WASHINGTON >> The Department of Homeland Security said today that just because Russian government hackers didn’t directly scan election systems in some U.S. states, it doesn’t mean they weren’t looking to break into them.
DHS spokesman Scott McConnell declined to discuss specific states. But he said in a statement that hackers looked for vulnerabilities to exploit in other government computer systems in an unspecified number of states as a way to get into the election systems. The other networks were usually connected to the election systems or shared similarities, he said.
The release of additional information came after state officials in Wisconsin and California said they had received conflicting reports from DHS about which of their computer systems were targeted by hackers during the 2016 presidential campaign.
Last week, the department informed 21 states that their election systems had been targeted by “Russian government cyber actors,” and officials in those states subsequently released that information publicly. The formal notification came after months of state election officials voicing frustration that the department had left them and the public in the dark for so long. DHS has said that most systems weren’t breached, and there was no evidence that vote tallies or registration databases were altered.
Earlier this week, officials in Wisconsin and California said the Homeland Security Department provided additional information that they believed contradicted the department’s earlier notification. Specifically, those state officials said they were told that the Russian hackers targeted computers systems that weren’t related to their elections.

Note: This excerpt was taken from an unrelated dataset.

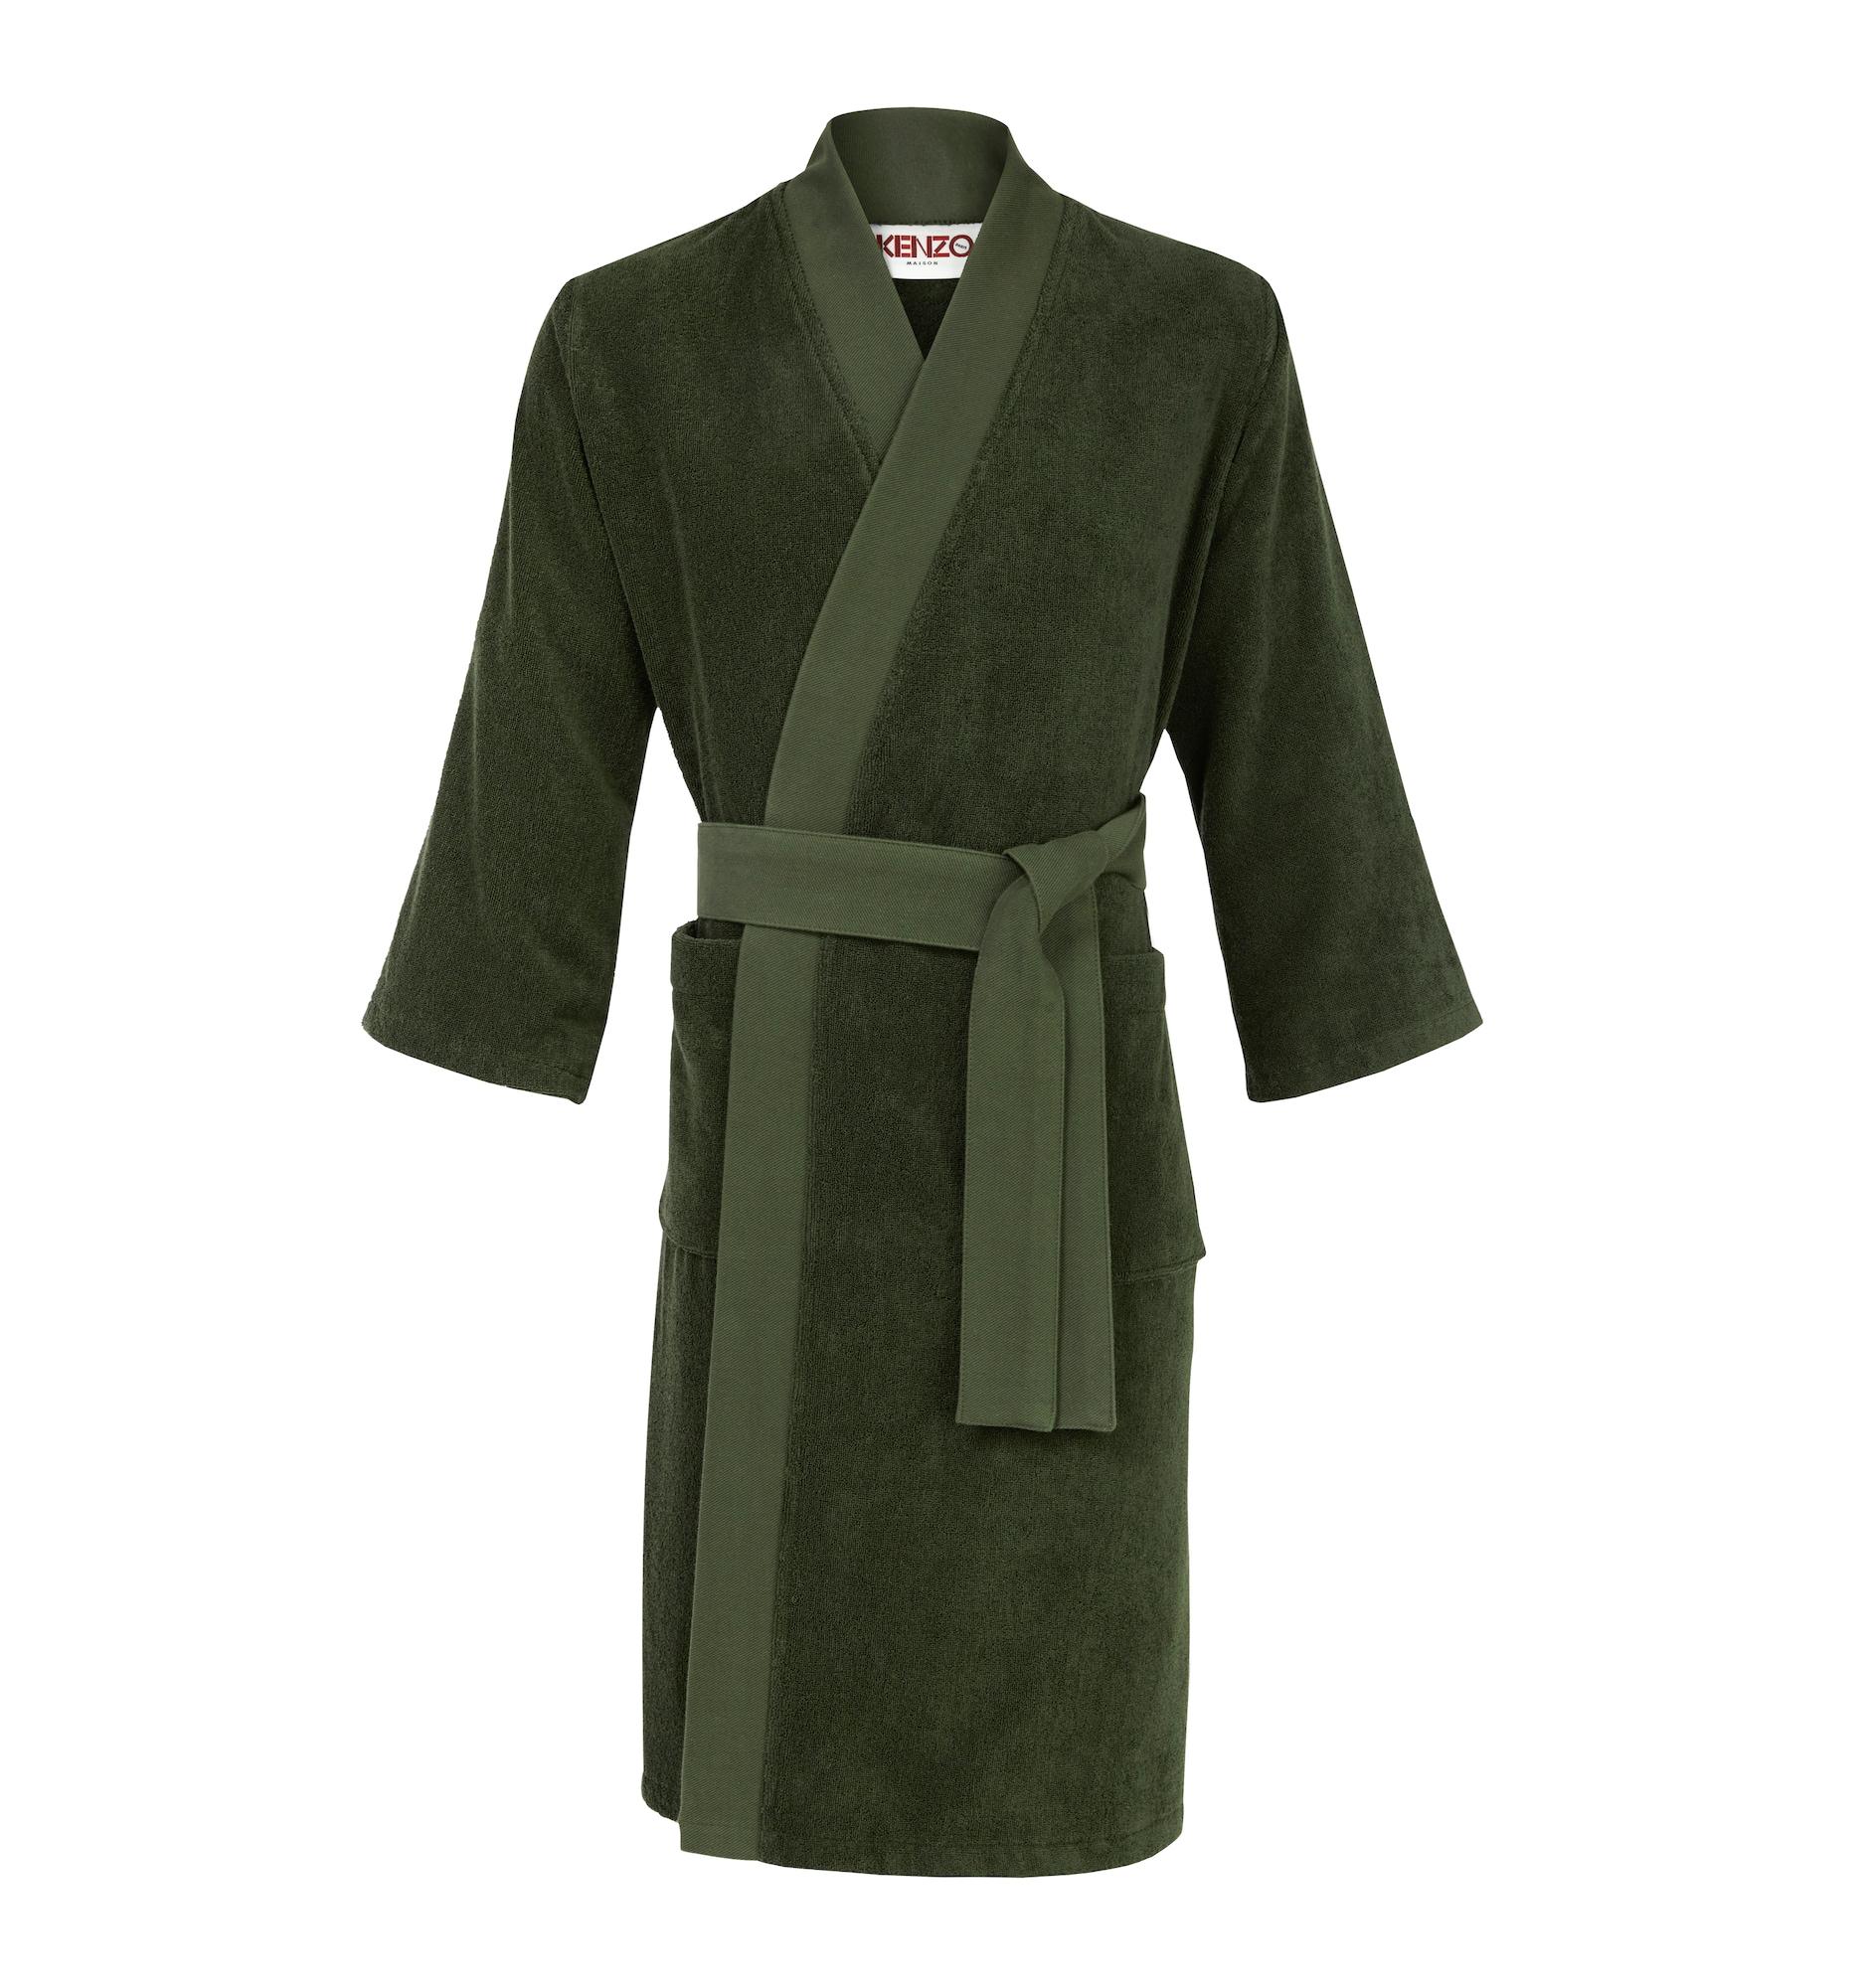 Herren Kenzo Maison Bademantel 'ICONIC' grün,  khaki,  olive | 03152208883453

In California, the targeted system was the state’s Department of Technology, which the secretary of state says it does not use for its IT services. In Wisconsin, it was the state’s Department of Workforce Development, which oversees job training and unemployment benefits.
Asked about the latest statement from DHS, Wisconsin Elections Commission spokesman Reid Magney said the agency was reviewing it. He had no further comment.

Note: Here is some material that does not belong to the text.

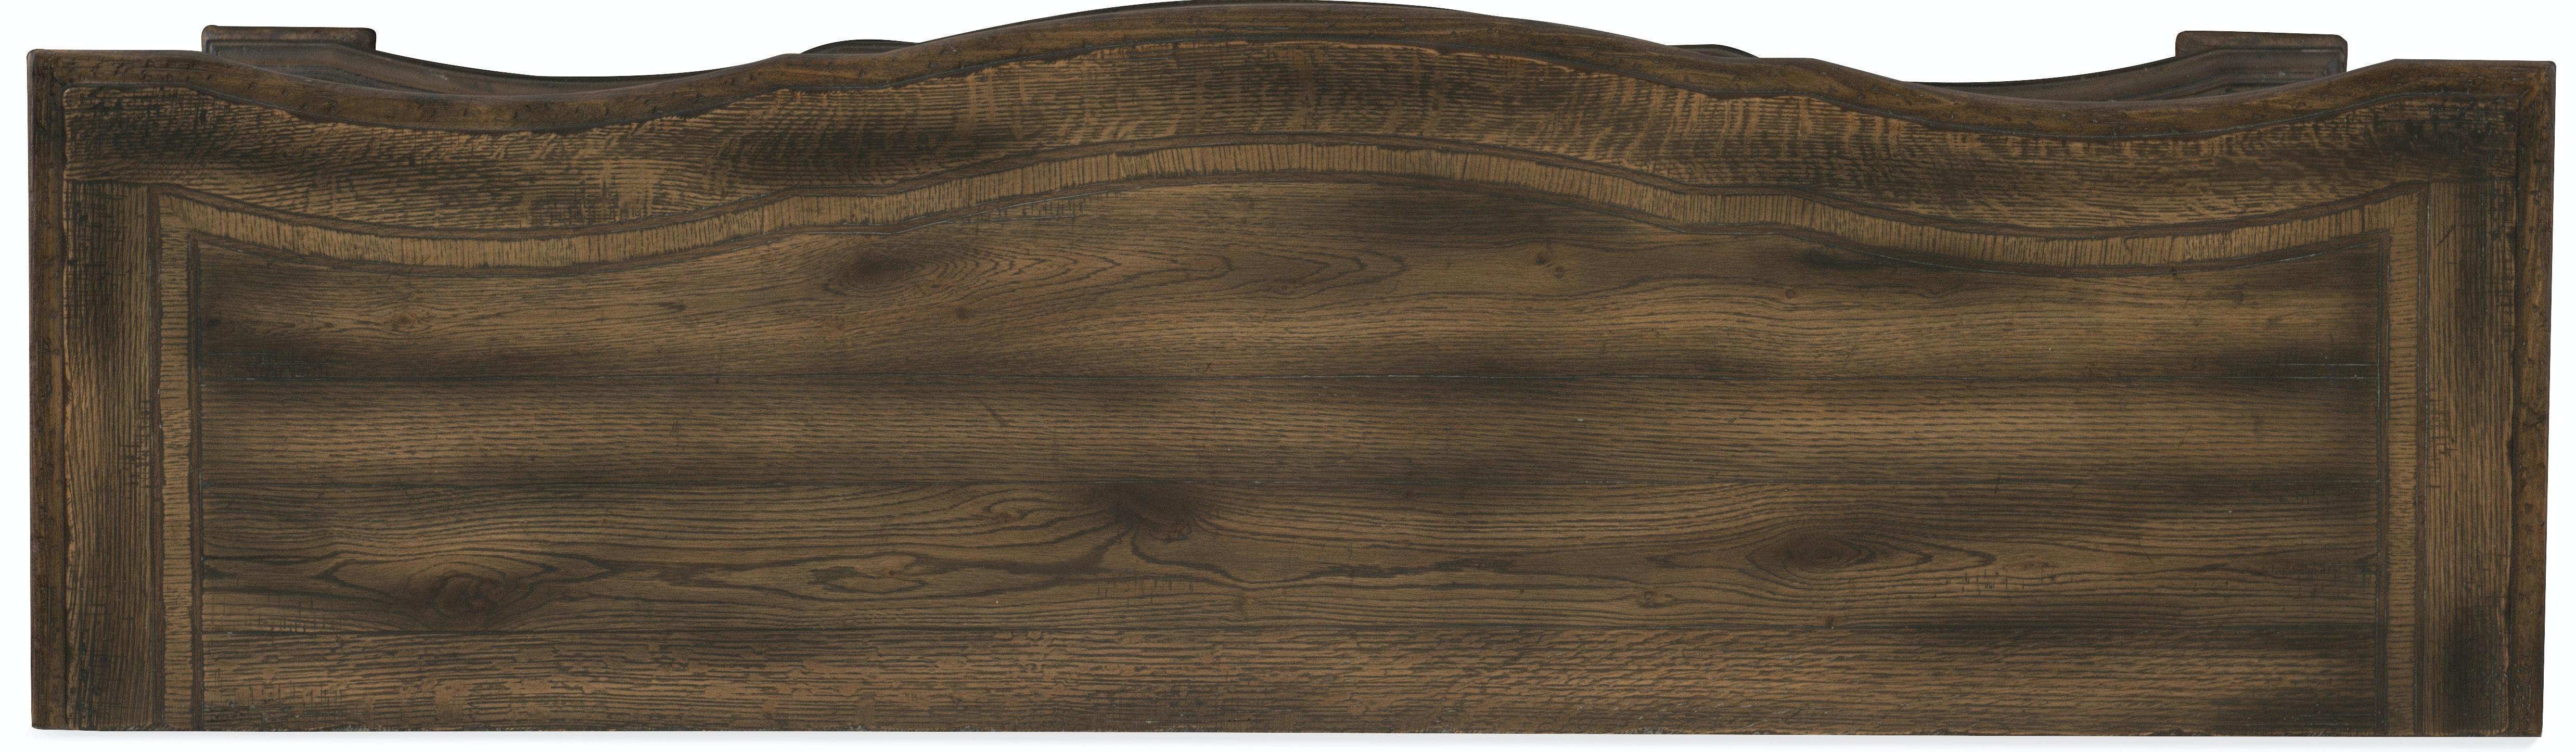 Hooker Furniture Williamson Nine Drawer Dresser 5960 90002 MULTI

McConnell said the department stands by its initial assessment that 21 states were targeted by “Russian government cyber actors” looking for vulnerabilities in and access to election infrastructure. He noted that some of the intelligence used to make that determination cannot be shared publicly.
In the majority of the 21 states, DHS has said it only observed hackers scanning networks in preparation for breaking into the networks, not actual penetrations. But officials in Illinois have confirmed that hackers broke into the voter registration network for at least three weeks before being discovered in July 2016. Officials said there was no evidence that the hackers had changed any information.
The 21 states that told the AP last week that they had been targeted were: Alabama, Alaska, Arizona, California, Colorado, Connecticut, Delaware, Florida, Illinois, Iowa, Maryland, Minnesota, North Dakota, Ohio, Oklahoma, Oregon, Pennsylvania, Texas, Virginia, Washington and Wisconsin.